In a world like this, a top level flag could be passed that implicitly applied the attribute to all methods for those who would be willing to tolerate the consequences, but I think that my use cases would be satisfied with just an attribute that I could use to opt-in to the behavior.

delesley commented 1 month ago

johngro -- that's not a bad suggestion, it shouldn't break anything, and it wouldn't be hard to implement. Unfortunately, it would mean adding a huge number of "mutator" annotations throughout your code base to get any benefit, which is likely prohibitive for most users, especially since those annotations will not be on classes in the C++ standard library...

BTW, there's still a FIXME in the comment on handleCall() which discusses this issue... :-)

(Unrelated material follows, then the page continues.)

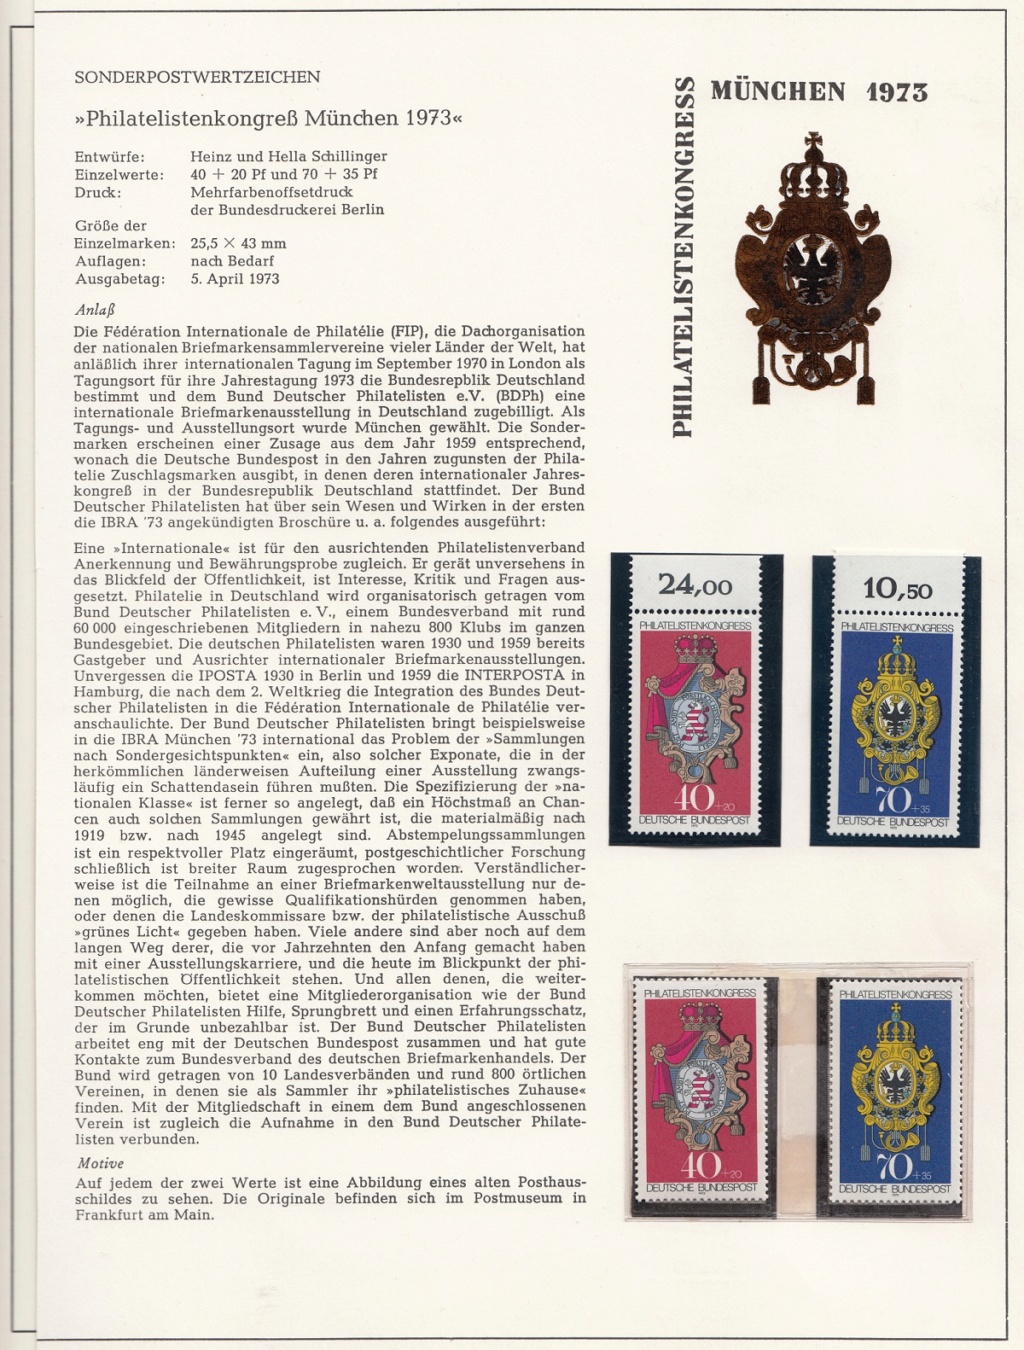 Die IBRA (Internationale Briefmarkenausstellung) München '73 Ibram115

ilya-biryukov commented 1 month ago

I agree that annotating the function as "mutating" is definitely a feature we could have and it doesn't hurt anyone if we have it (except for the added complexity to the code, but my intuition here is that it should be minimal).

However, +1 to @delesley's comments about the scalability of this approach. The reason we would like to have something that "works by default" is to cover big chunks of the codebase by annotating the mutex objects and without relying on people to write those annotations. We would rather go with opt-out annotation rather than opt-in.

aaronpuchert commented 2 weeks ago

We could also try enabling stricter checks under a separate warning flag. We already have -Wthread-safety-reference, and this might be -Wthread-safety-mutable-reference. The change itself shouldn't be hard, but someone should evaluate it on a real-world code base to see how many warnings they get and whether it's feasible to fix them.

This would be my favorite—if it works.

You could already try this with my old patch (assuming it still applies cleanly). This only covers function arguments, which should be a bit easier. I will also try it on our code. (Back when I posted the change we were still playing around with thread safety analysis, while now we're using it more widely.) Then we can also try adding checks for member functions.